# [WORK ORDER]
Leave out the pictures, and copy exactly the lines from the line with "Adidas James Harden" through the last line of the data below.
BEGIN DATA SEGMENT
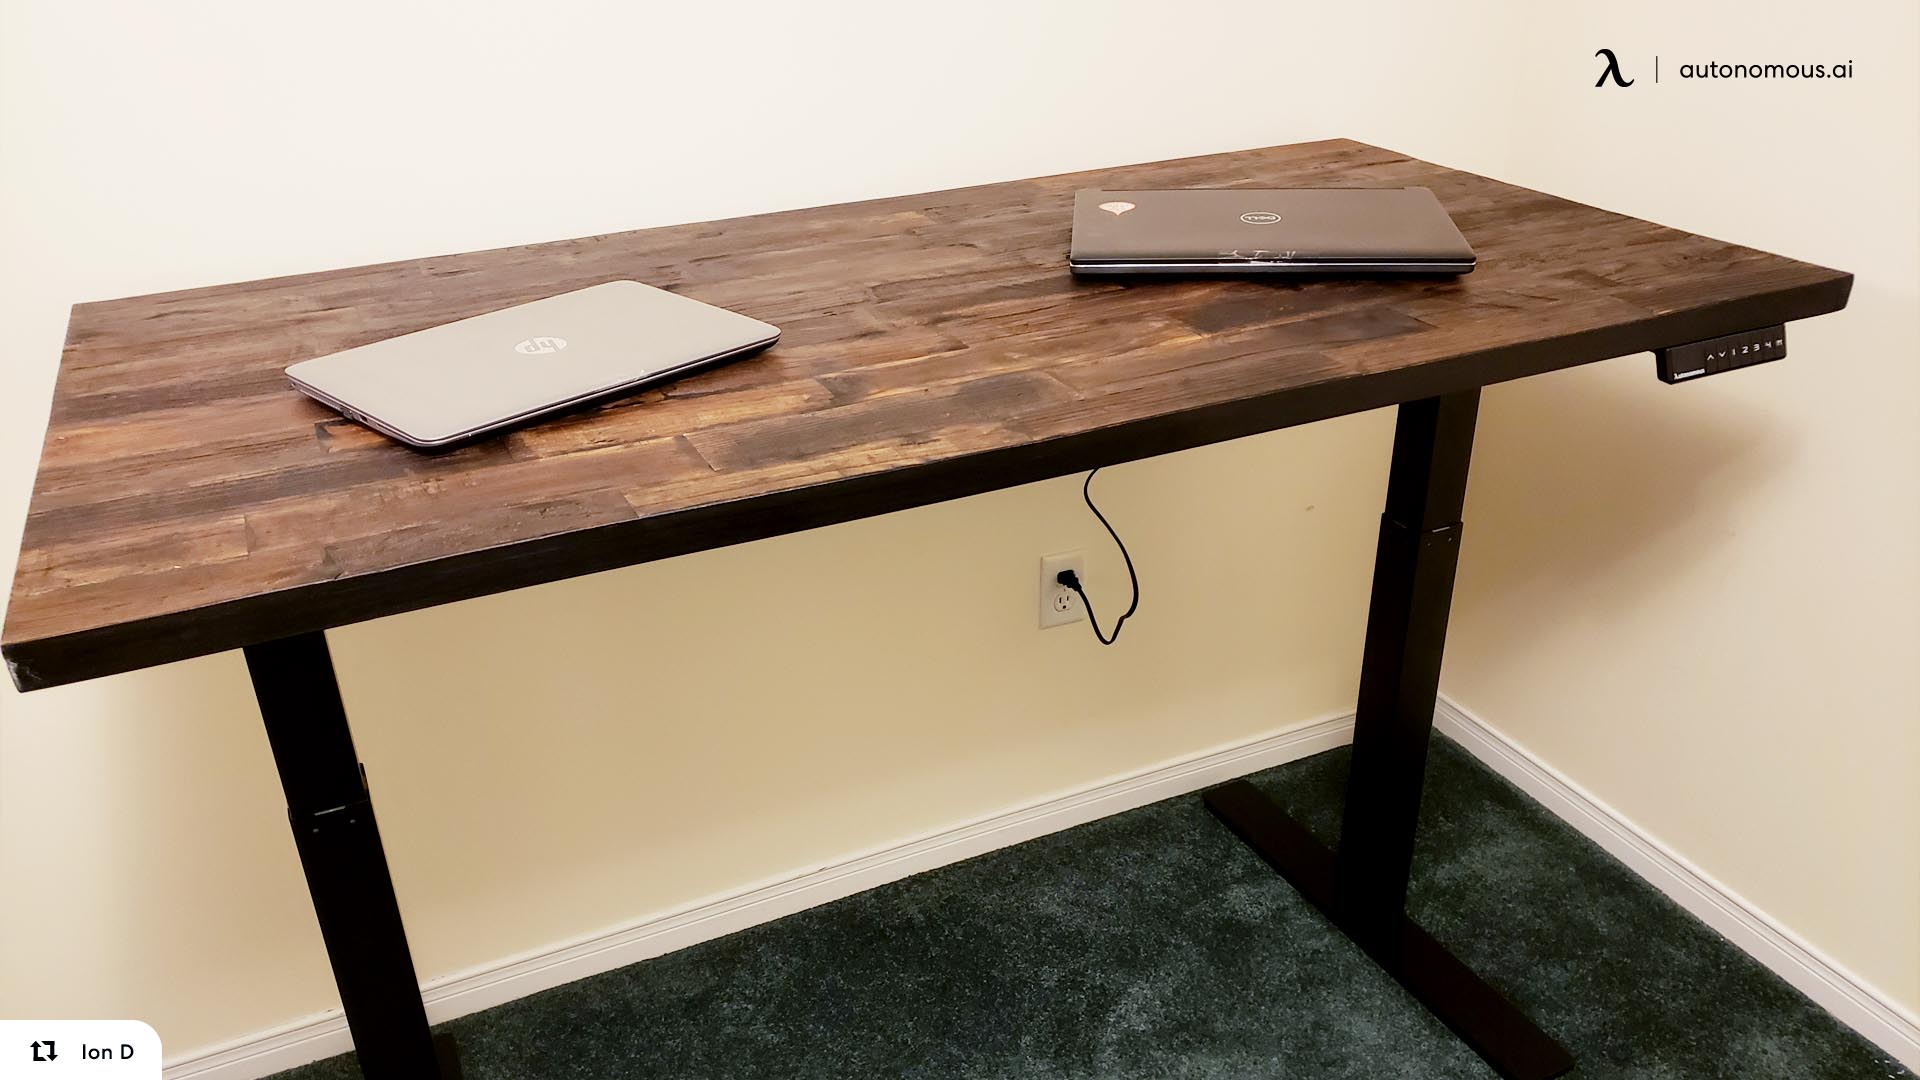 The Repurposed Desk Setup
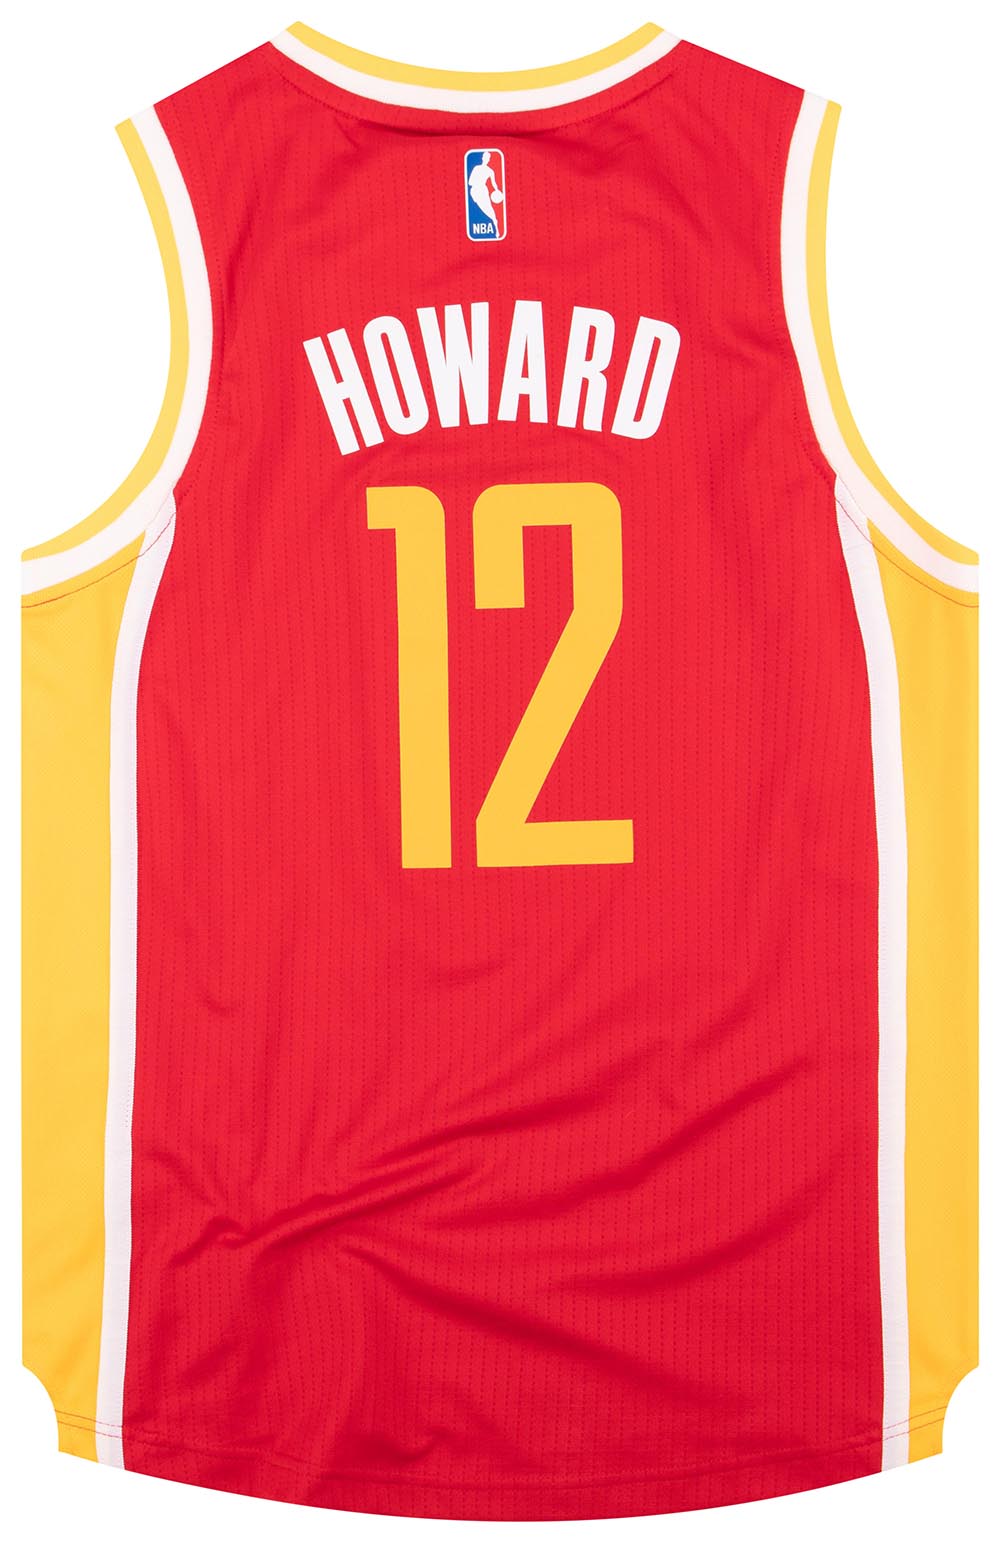 Adidas James Harden Houston Rockets NBA Jersey #13 Red Youth Medium
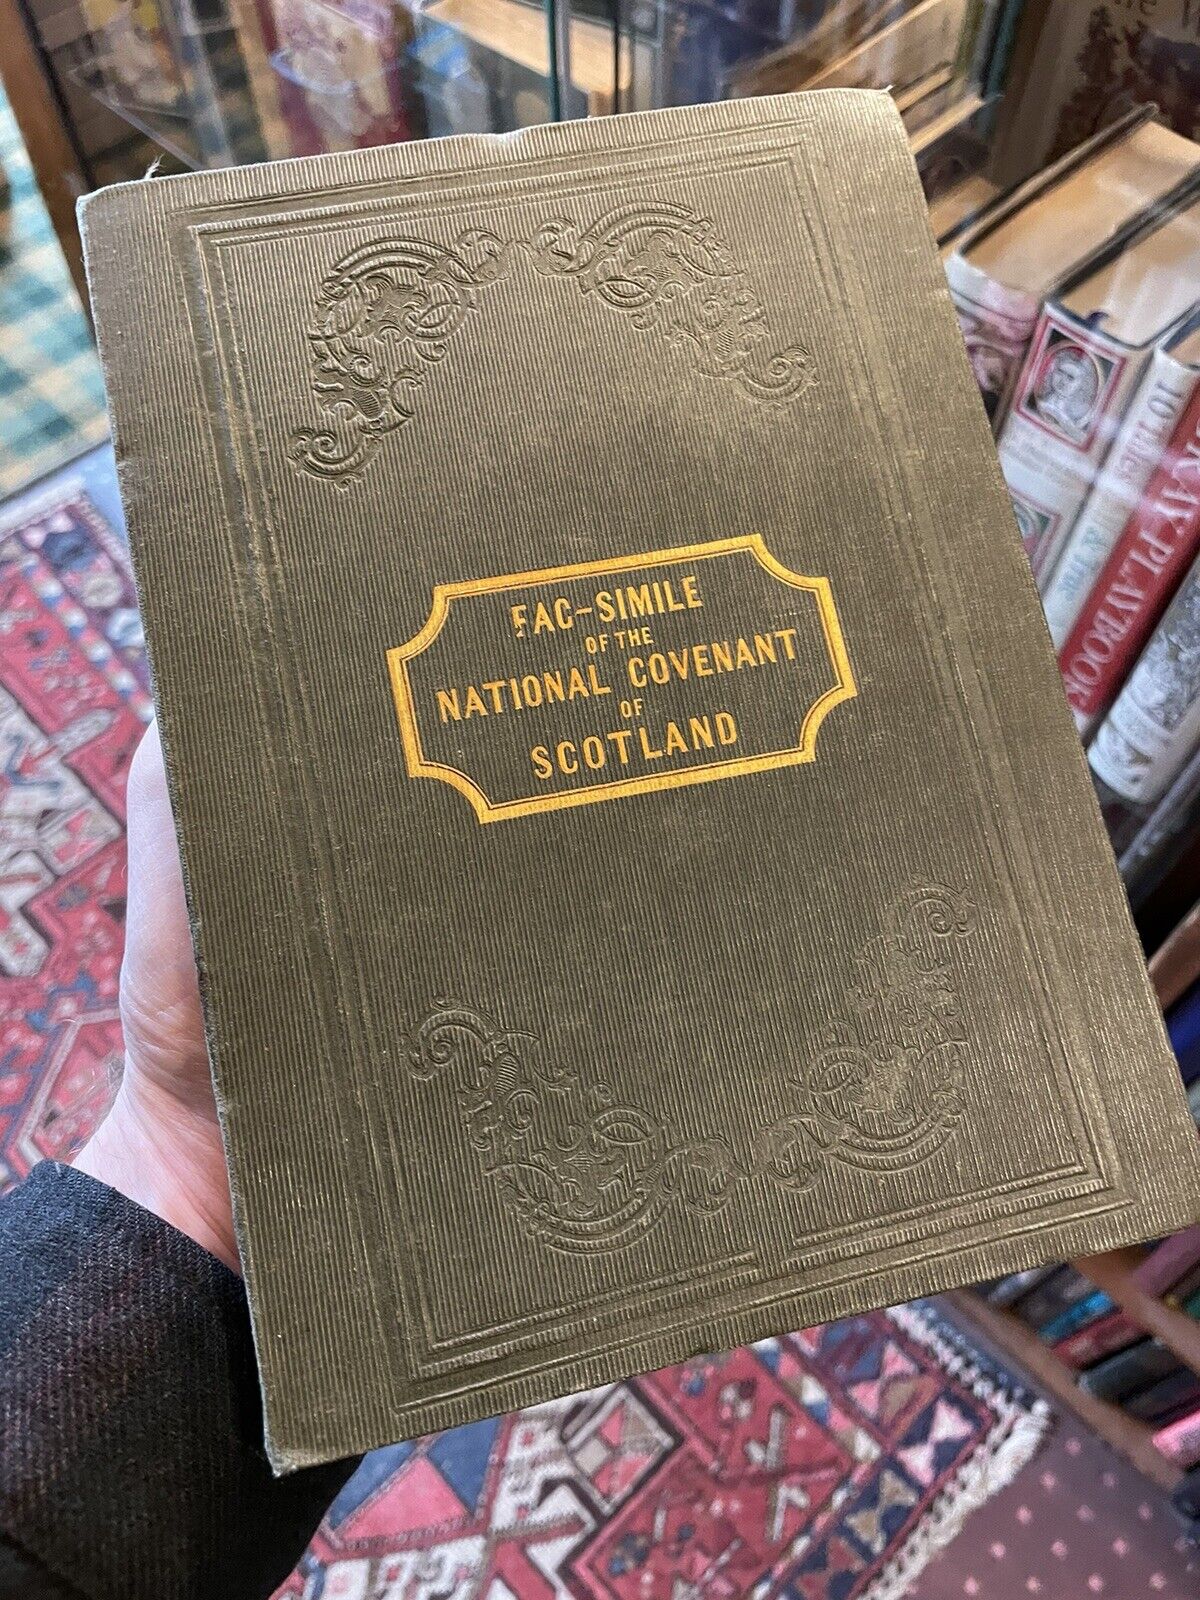 The National Covenant of Scotland : Large Fold-out Facsimile c1870 James Aikman
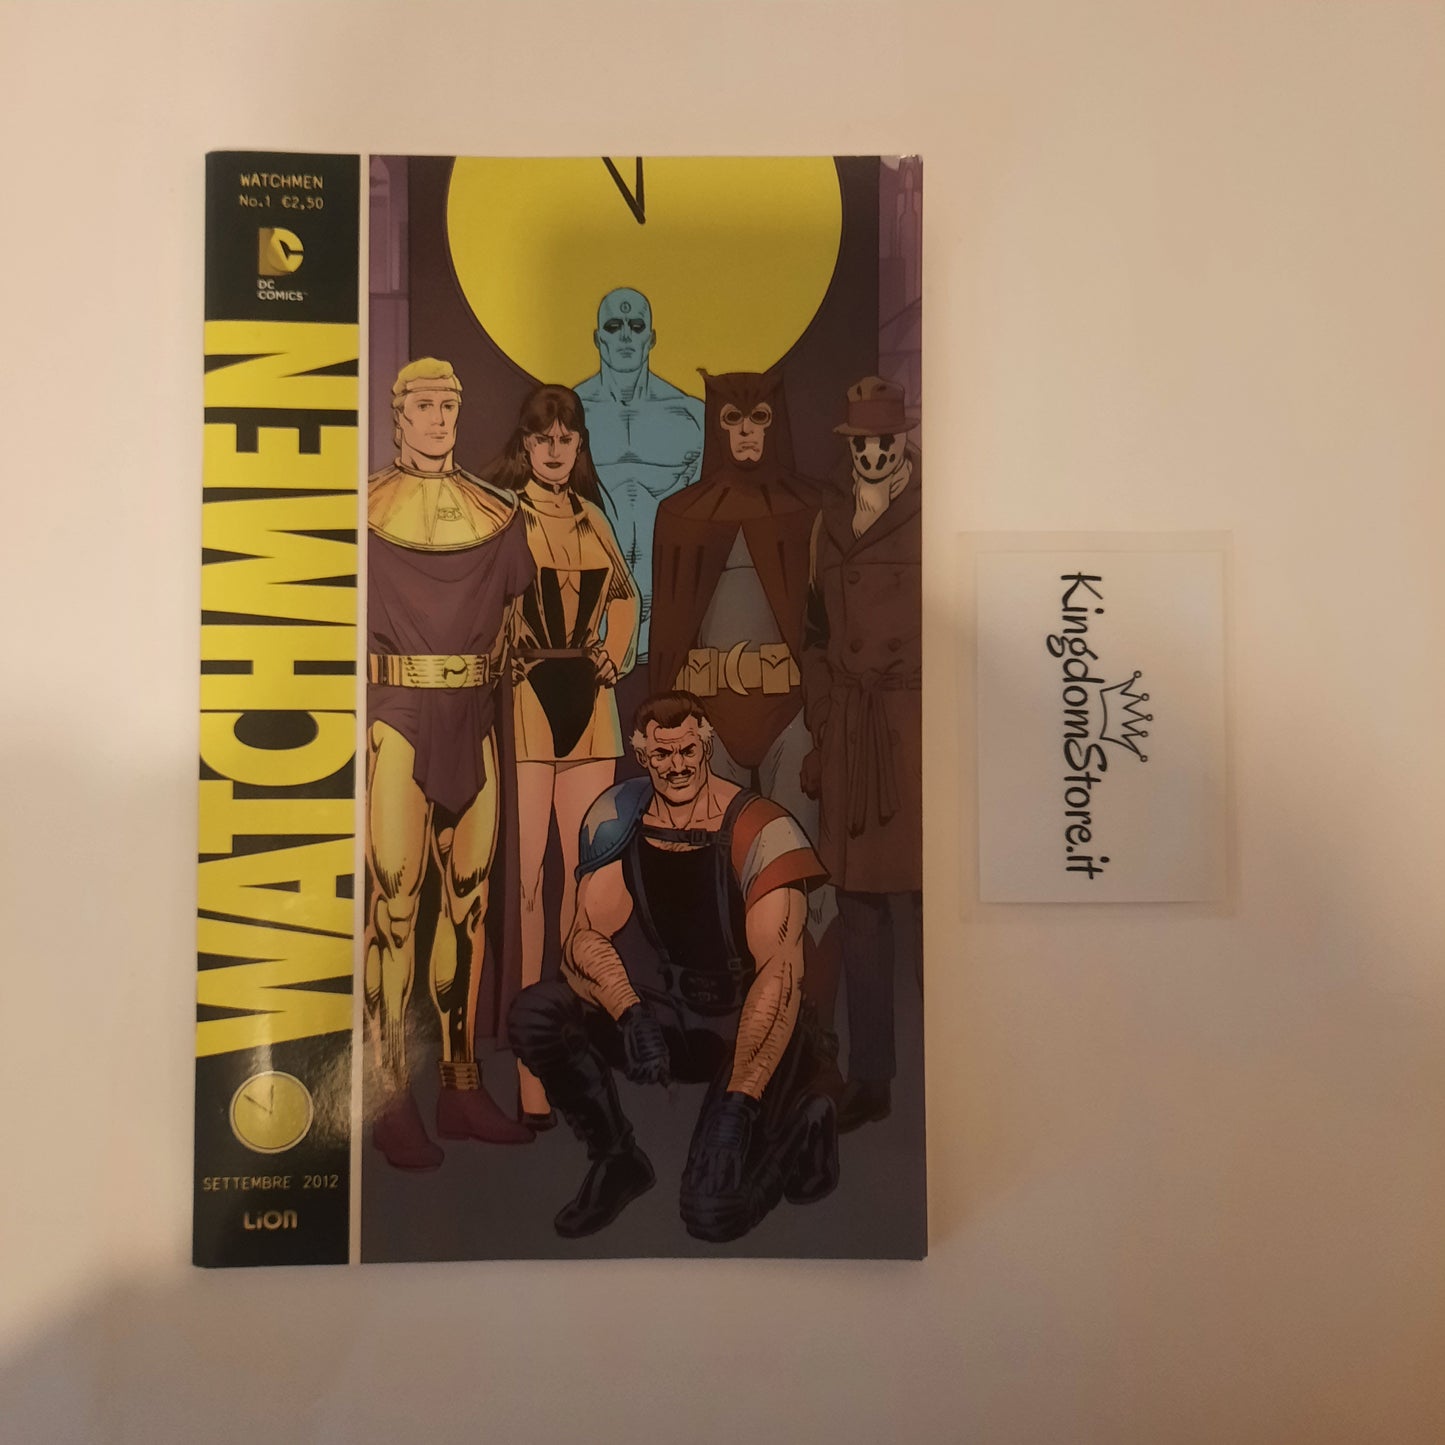 Watchmen - Graphic Novel - Fumetti Sfusi
END DATA SEGMENT
# [FINAL ANSWER]
 Adidas James Harden Houston Rockets NBA Jersey #13 Red Youth Medium
 The National Covenant of Scotland : Large Fold-out Facsimile c1870 James Aikman
 Watchmen - Graphic Novel - Fumetti Sfusi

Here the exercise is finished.